Abstract
In the theory of algebraic specifications, many-sorted algebras are used to model programs: the representation of data is arbitrary and operations are modelled as ordinary functions. The theory that underlies the formal development of programs from specifications takes advantage of the many useful properties that these models enjoy.
The models that underlie the semantics of programming languages are different. For example, the semantics of Standard ML uses rather concrete models, where data values are represented as closed constructor terms and functions are represented as “closures”. The properties of these models are quite different from those of many-sorted algebras.
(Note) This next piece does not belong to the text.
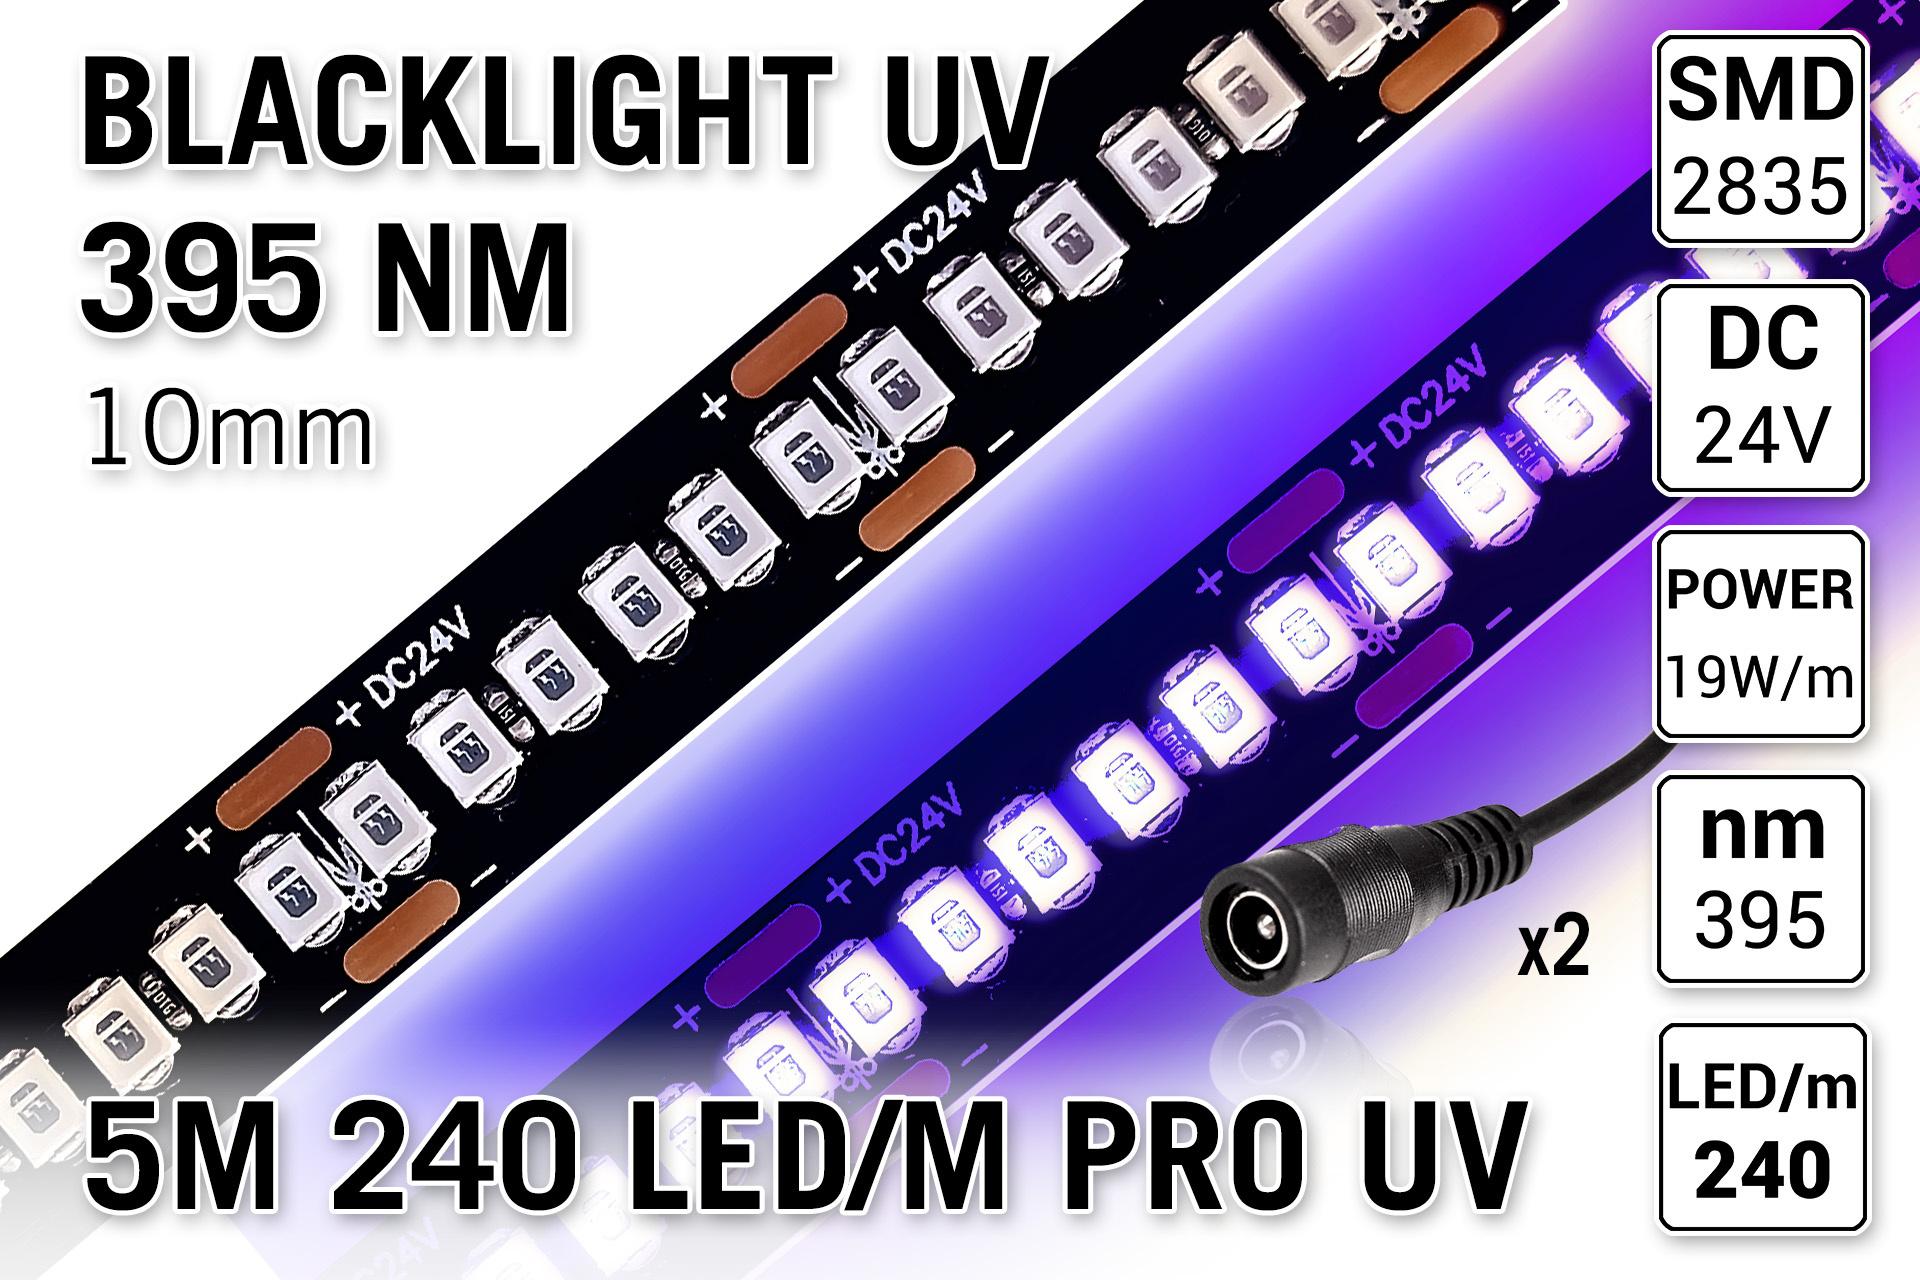 24V UV-A Blacklight LED strip | 395nm | 5M 240LED/m 20W/p.m

This discrepancy brings into question the applicability of the theory of specification and formal program development in the context of a concrete programming language, as has been attempted in the Extended ML framework for the formal development of Standard ML programs. This paper is a preliminary study of the difference between abstract and concrete models of specifications, inspired by the kind of concrete models used in the semantics of Standard ML, in an attempt to determine the consequences of the discrepancy.
This research was supported by the EC-funded COMPASS Basic Research working group and MeDiCiS Scientific Cooperation Network, by EPSRC grants GR/J07303 and GR/H73103 and by an EPSRC Advanced Fellowship.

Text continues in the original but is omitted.